Data segment START

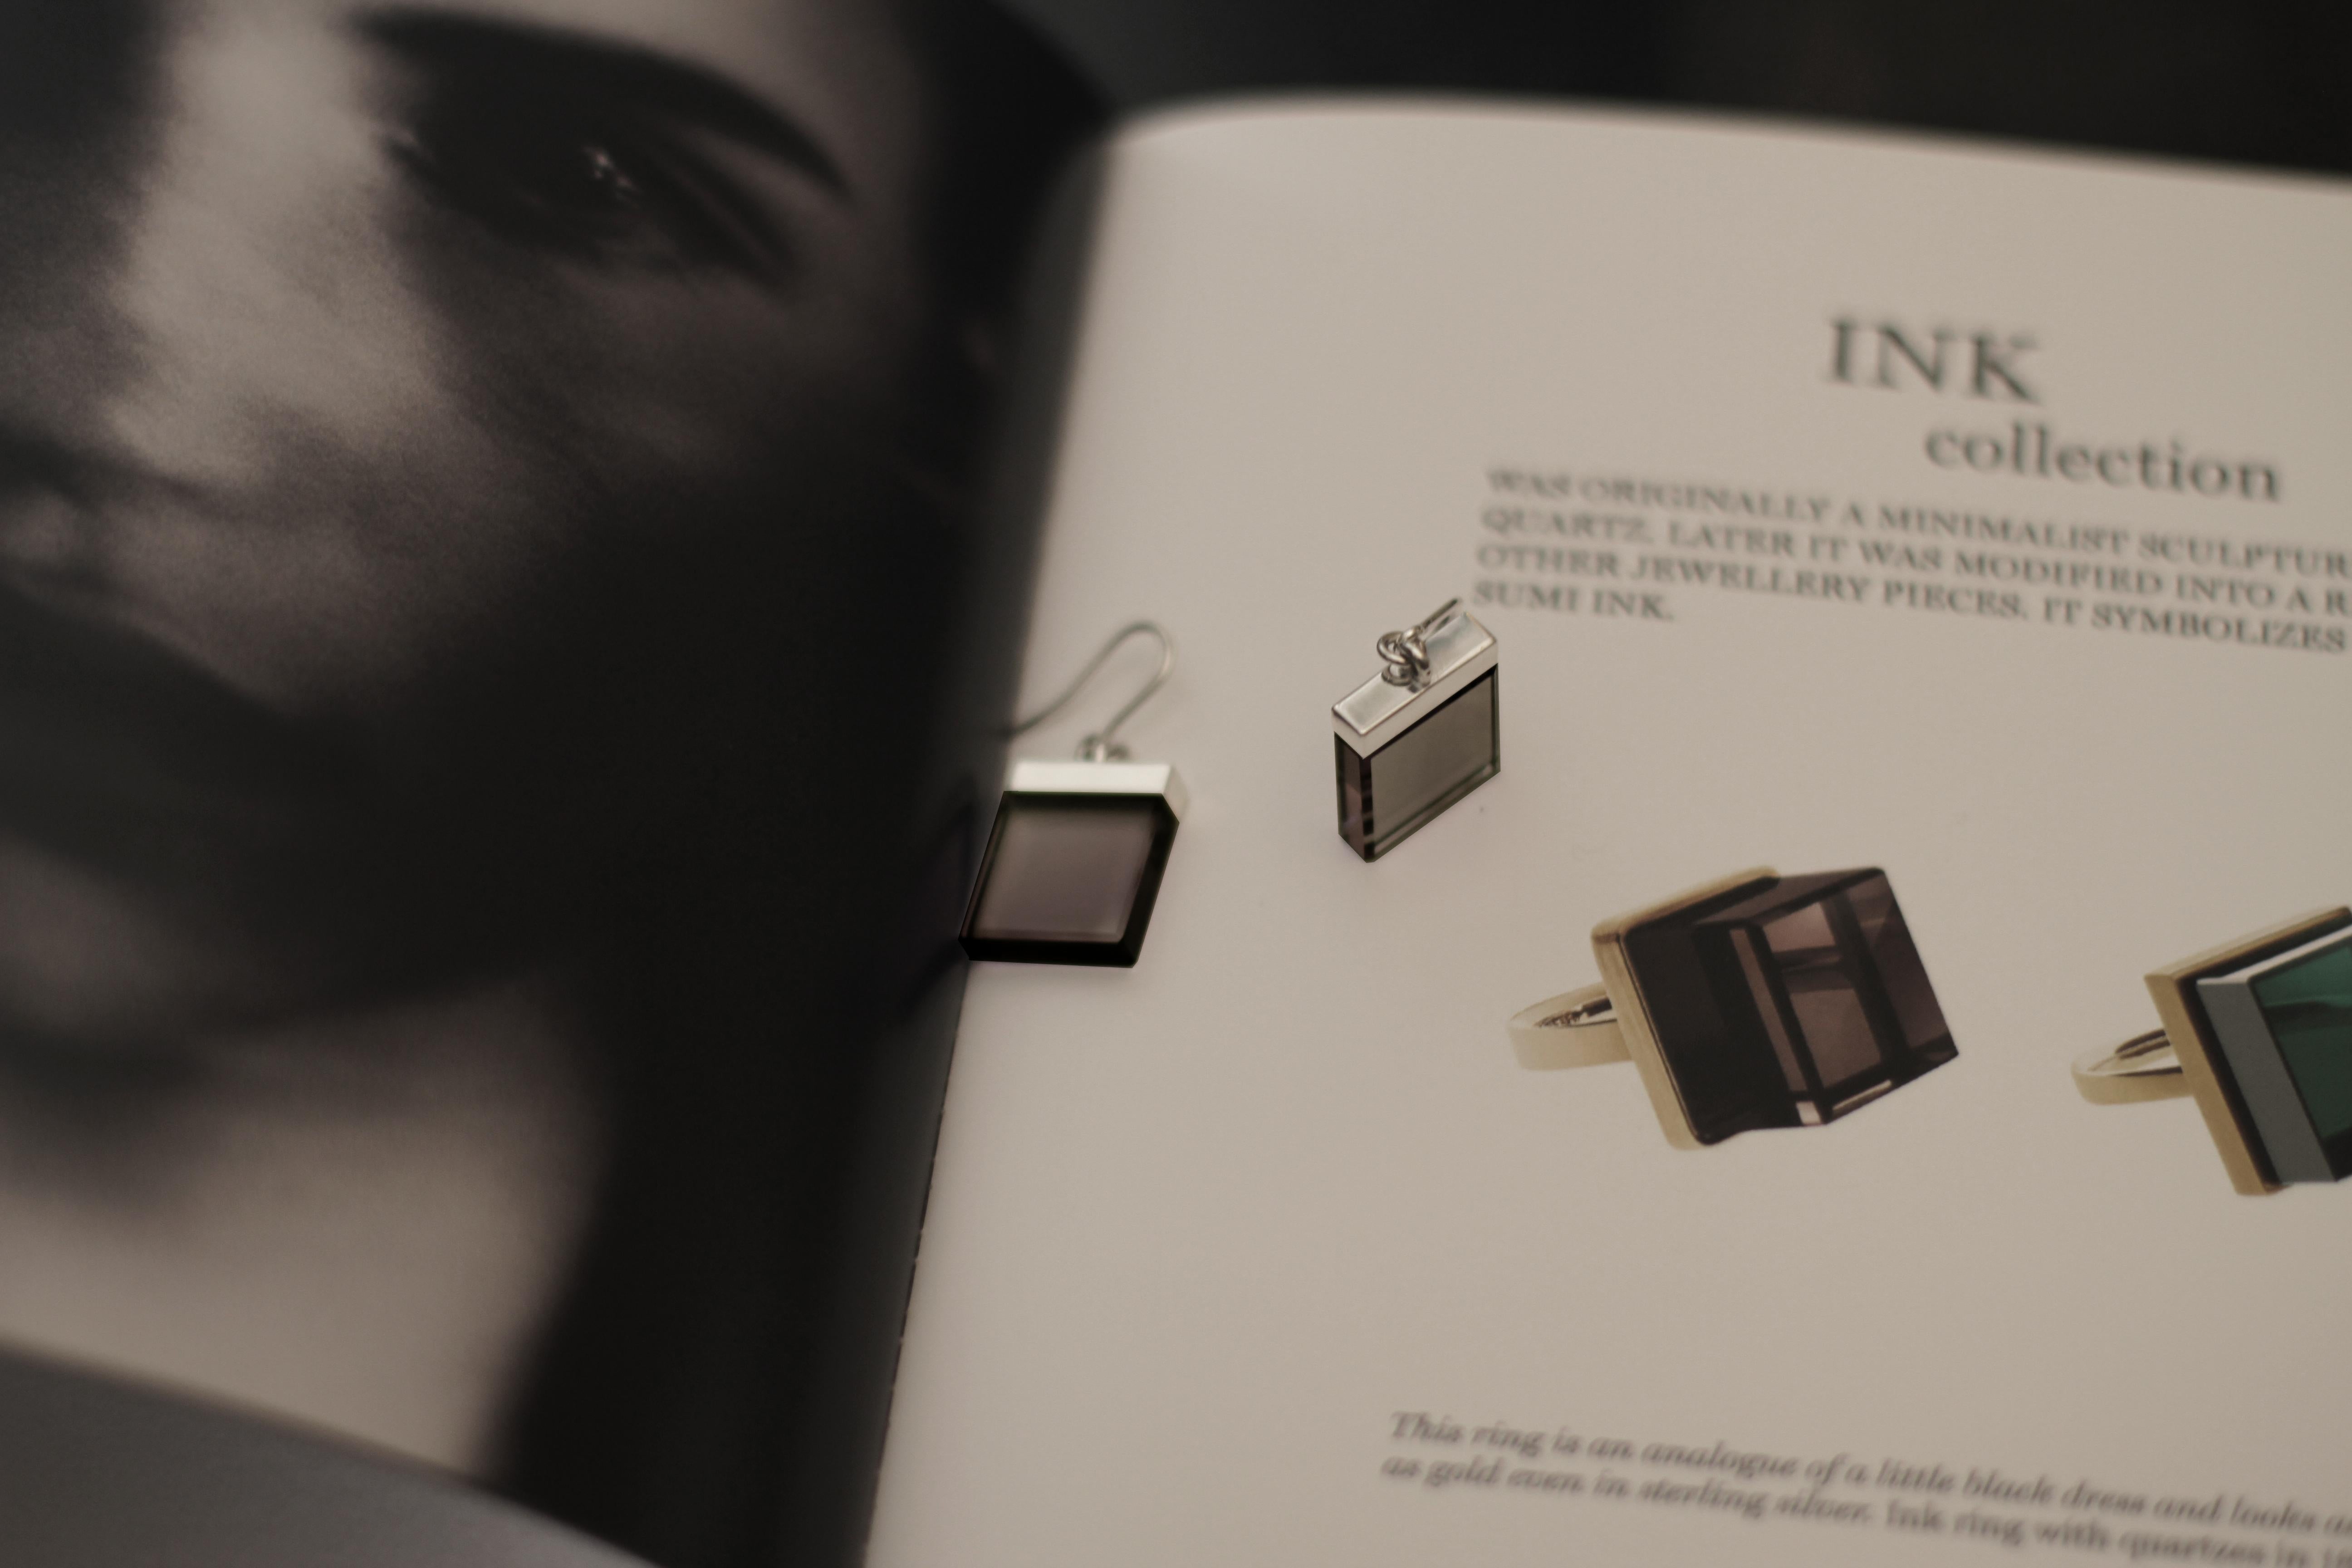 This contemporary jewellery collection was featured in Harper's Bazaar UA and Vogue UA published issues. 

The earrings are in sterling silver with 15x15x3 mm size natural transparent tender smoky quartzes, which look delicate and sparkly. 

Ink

Data segment END

Problem to solve:
The response should restate the material above word for word and contain no pictures.

Exercise result:
 This contemporary jewellery collection was featured in Harper's Bazaar UA and Vogue UA published issues. 

The earrings are in sterling silver with 15x15x3 mm size natural transparent tender smoky quartzes, which look delicate and sparkly. 

Ink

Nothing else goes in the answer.